Да и пьедестал — по ближайшем рассмотрении — оказывался не мраморным, не гранитным, а деревянным. И величавые орлы были выпилены из старых досок.
Одна лестница никого не обманывала. А ничтожные людишки сновали кругом; неистовый гогот и гомон уносился в небеса, и ангелы затыкали себе уши, страдая от вечной какофонии.
Борисоглебский был не в духе после вчерашнего и дразнил себя, измышляя гадкие небылицы. А если бы это было: можно ли было бы жить?
VIII
На мосту грохотали возы ломовых и коночные вагоны, надрывались лошади и люди, и громкая брань висла на фонарных столбах, а внизу, у подножия мостовых быков, — там, где медленные струйки, журча, двоились у зеленых камней, жил безмятежный островок, на который никогда не ступала нога человека.
Каждую весну приносились с полою водою ил и песок, и маленький островок рос вширь и ввысь: и разрасталось его мирное население.

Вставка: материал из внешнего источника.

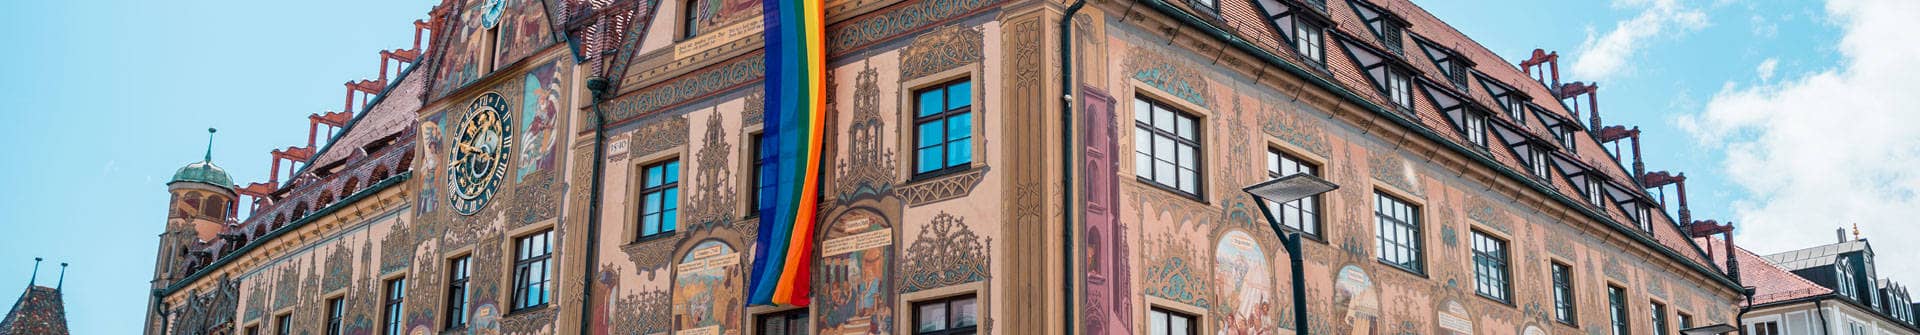 Ausschnitt des historischen Gebäudes des Ulmer Rathauses mit seiner astronomischen Uhr und einer Regenbogenfahne.

Здесь рос и цвел подсолнечник; рдест выпускал свой ползучий стебель; белоснежные цветы кувшинки качались на длинных, изогнутых шейках; и частуха, стрелолист и лютик смотрелись в журчащую зеркальность.
Правее расстилалось водное зеркало. На нем стояла лодочка, точно заснув, и в ней сидел рыбак и держал удочку в руке. А под лодочкой была другая такая же, и в ней такой же рыбак с такой же удочкой, под другим и таинственно далеким небом, утопавшим в зеркальной глубине. Оба были как близнецы. Оба смотрели в одну и ту же точку.
Проходил Борисоглебский по мосту; смотря вниз, как родным и близким улыбался безмятежному островку, запоздалым цветам подсолнечника и небесам, синевшим глубоко внизу. Мысленно называл их своими. Точно там была его родина; точно был лживым сном шумный город, который держал его в кабале и выматывал из него силы.
IX
Время шло. Вода утекала, и наконец застыла ледяным покровом.
Там, где Остоженка подымалась в гору, и в нее впадал Ильинский переулок, стоял дом Муравьева. На крыше была балюстрада, а под окнами высился бруствер, служивший тротуаром.
Неизвестно, почему на Остоженке тротуар взобрался на два аршина выше улицы. Иные говорили, что управа просмотрела, а иные — что это был прообраз Порт-Артура.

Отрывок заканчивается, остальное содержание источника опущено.